The Real Cost of Swapping Infrastructure
Source: Dev.to
The Real Cost of Swapping Infrastructure
I’ve gone through enough infrastructure evaluations as an architect to recognize the moment when the energy leaves the room. It’s not when someone questions the performance numbers or the cost model. It’s when someone pulls up the codebase and starts counting how many services need to change.
The infrastructure might be more reliable, easier to operate, or have better economics, but it doesn’t matter if getting there means touching stable production code across dozens of services. The conversation shifts from “should we do this?” to “can we afford to do this?” and the answer is usually no. That gap between “this is better” and “we can actually adopt this” is where many decisions stall or get turned down.
Architecture discussions tend to follow a familiar pattern. The whiteboard fills up with boxes and arrows, the trade‑offs look reasonable, everyone agrees that you’ll come out the other end better. Then someone asks: how much code do we have to touch?
That question isn’t about features or benchmarks. It’s about risk. Architects evaluate the blast radius of change alongside performance and reliability. Every line of application code that needs to move, every client library that needs to be swapped, every behavior that needs to be re‑learned increases the cost before you can even run a proof of concept.
For systems already in production, touching stable code introduces uncertainty. It stretches review cycles, kicks off regression testing, and makes rollback complicated. Good ideas often don’t make it past this point because weaving them into existing applications costs too much.
Why Code Changes Matter
- Risk amplification – each touched service expands the blast radius.
- Review overhead – larger changes require longer code reviews and more reviewers.

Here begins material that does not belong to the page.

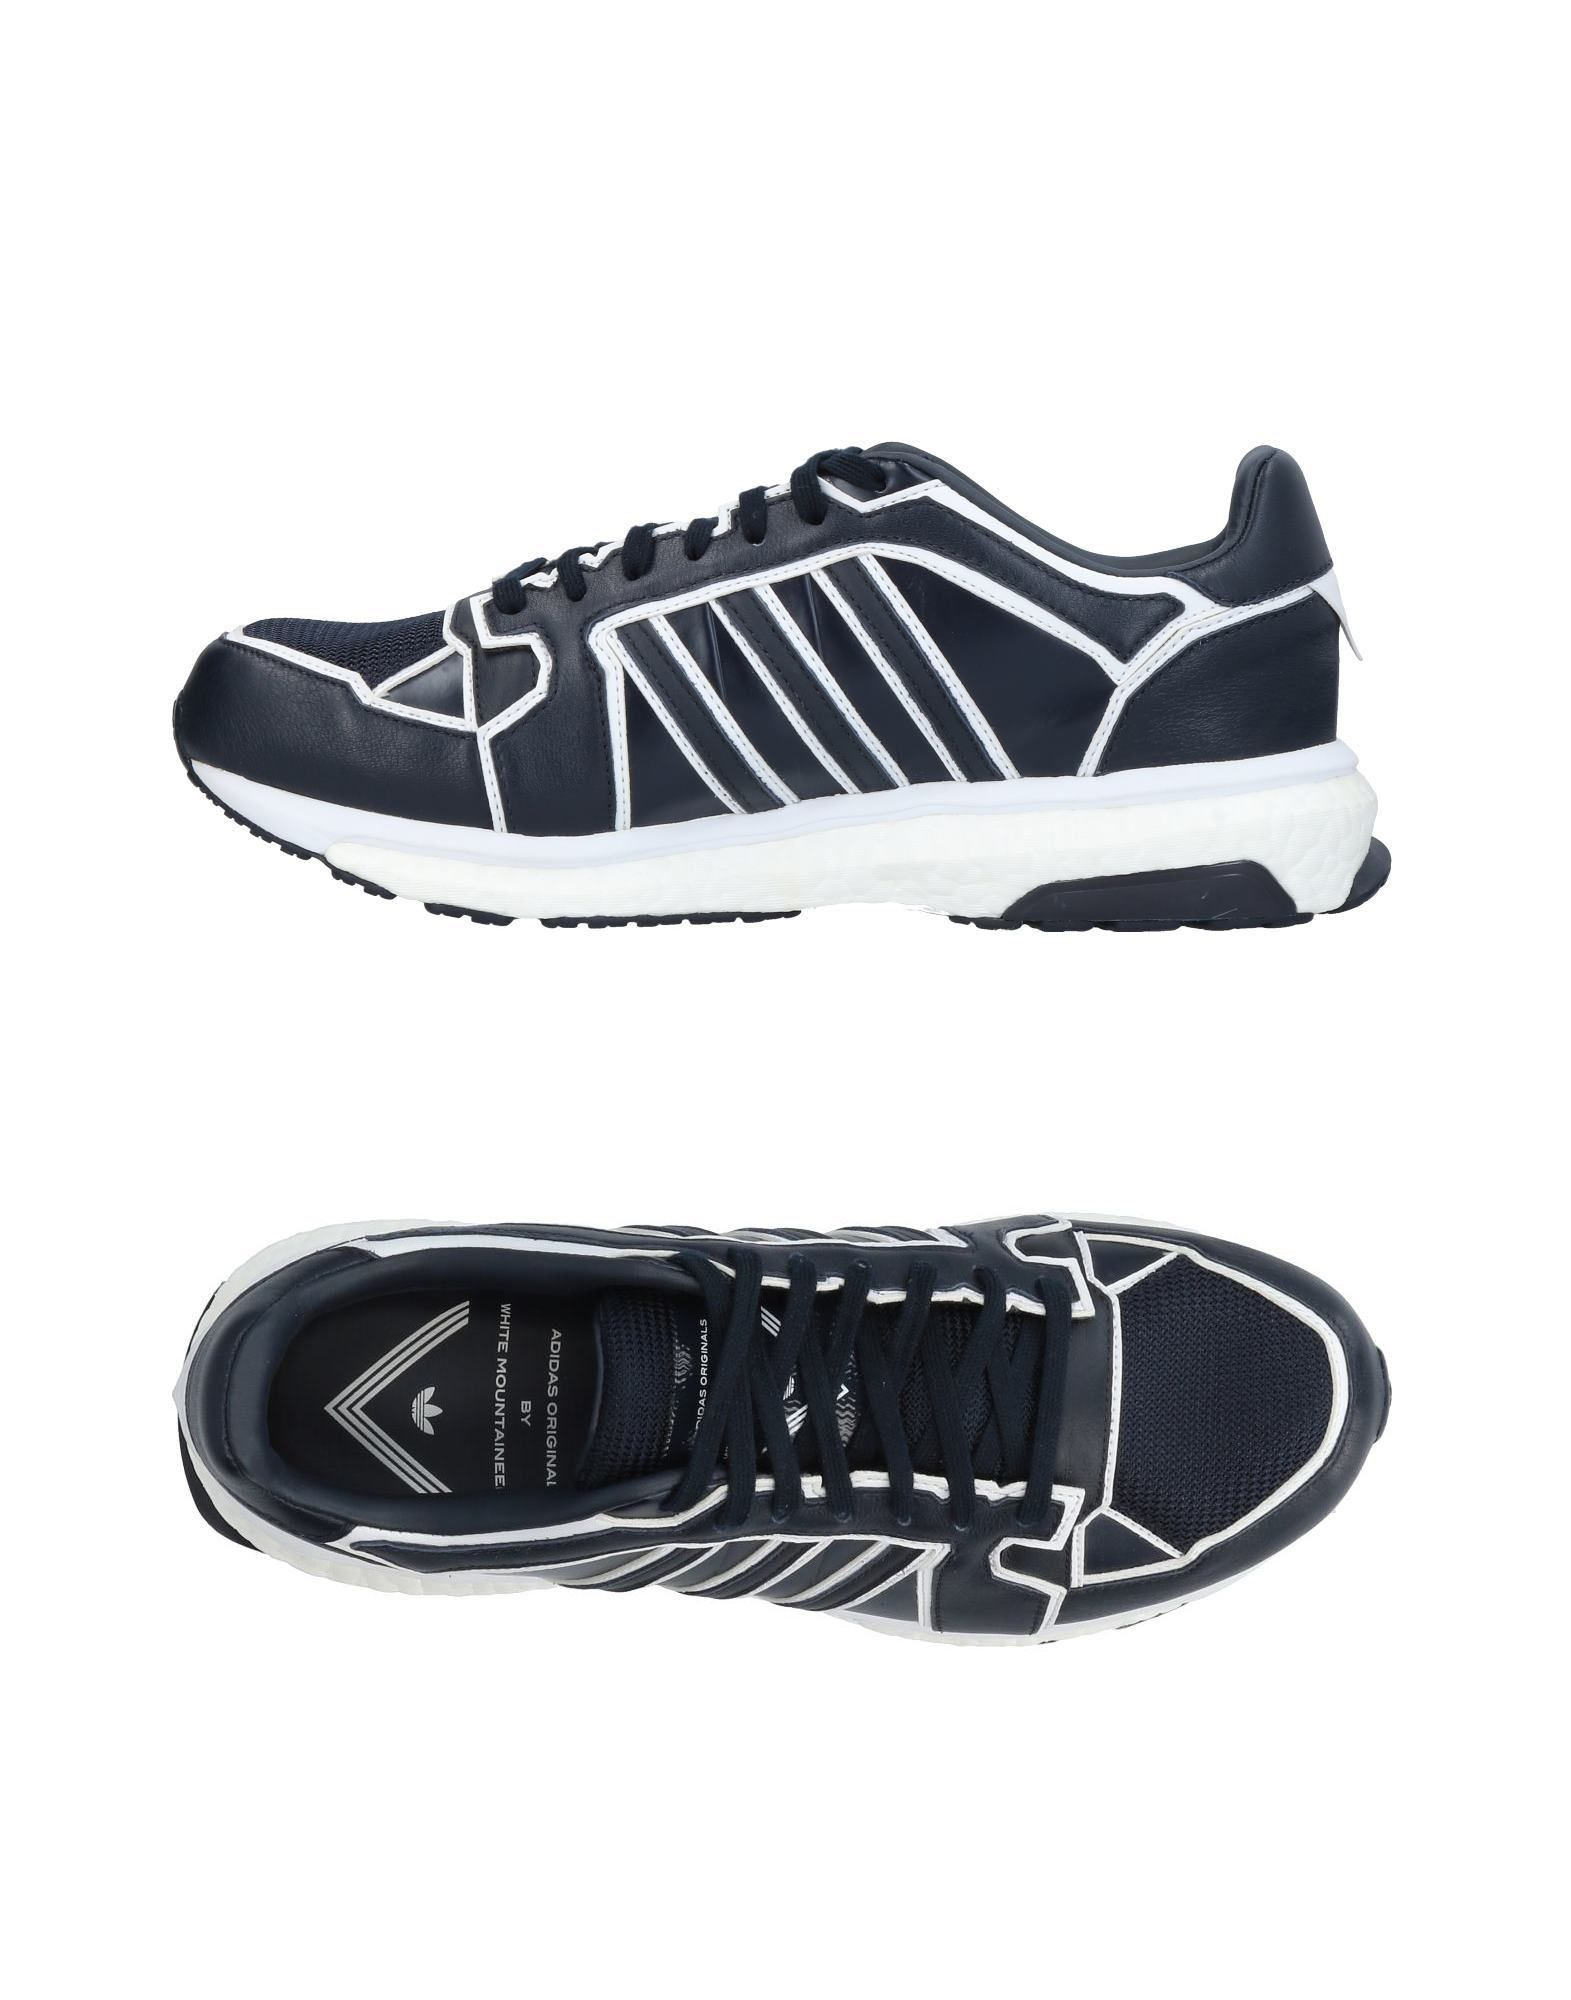 Sneakers Adidas Originals By White Mountaineering Uomo - Acquista online su

- Testing burden – regression suites must be run across many components, increasing CI time.
- Rollback complexity – undoing a multi‑service change is far more involved than flipping a configuration flag.
This is especially relevant for infrastructure on the hot path. When caching misbehaves, it can take other systems down with it. Teams are rightfully cautious about changes here, even when the infrastructure side of the proposal is compelling.
Teams trust behavior they’ve observed in production—how commands serialize, how errors surface, how retries behave under load. That behavior has been exercised millions of times, hardened by real traffic, load testing, and years of incremental fixes. In practice, this behavior acts as a contract between the app code and the infrastructure.
Contractual Compatibility (RESP)
For cache‑heavy systems built on Redis or Valkey, the contract is often the wire protocol itself – RESP (Redis Serialization Protocol). The application doesn’t depend on “a cache”; it depends on this specific way of talking to one.
When you hold the contract constant and change what sits behind it, the risk potential drops dramatically. Instead of rewriting cache layers or swapping SDKs across services, teams can:
- Point existing Redis/Valkey clients at a compatible service (e.g., Momento).
- Authenticate and issue the same commands they already use.
The infrastructure changes. The operational model changes. The application code largely does not.
Reducing Risk with Configuration Changes
Treating the swap as a configuration change rather than a refactor lets teams:
- Observe real production behavior without committing to a full rewrite.
- Rollback easily – simply change the endpoint back.
- Shift evaluation risk from application code to infrastructure, where it’s easier to monitor and reason about.
This approach doesn’t eliminate all risk. RESP compatibility has edges and limitations worth understanding—not every Redis command is supported. However, the shift in risk profile is significant: the bulk of the work becomes an operational concern rather than a code‑base concern.
Takeaways
- “Better” isn’t enough if achieving it requires destabilizing code no one wants to touch.
- Platforms that gain real adoption meet teams where they already are, respecting existing contracts and mental models.
- RESP compatibility exemplifies this philosophy: it lets teams keep the trusted client contract while swapping out the underlying service for benefits like scaling, availability, and reduced operational complexity.
- When evaluation feels reversible, teams engage honestly with trade‑offs instead of inventing reasons to stay put.
In practice, that reversibility often separates interesting technology from technology that actually gets adopted.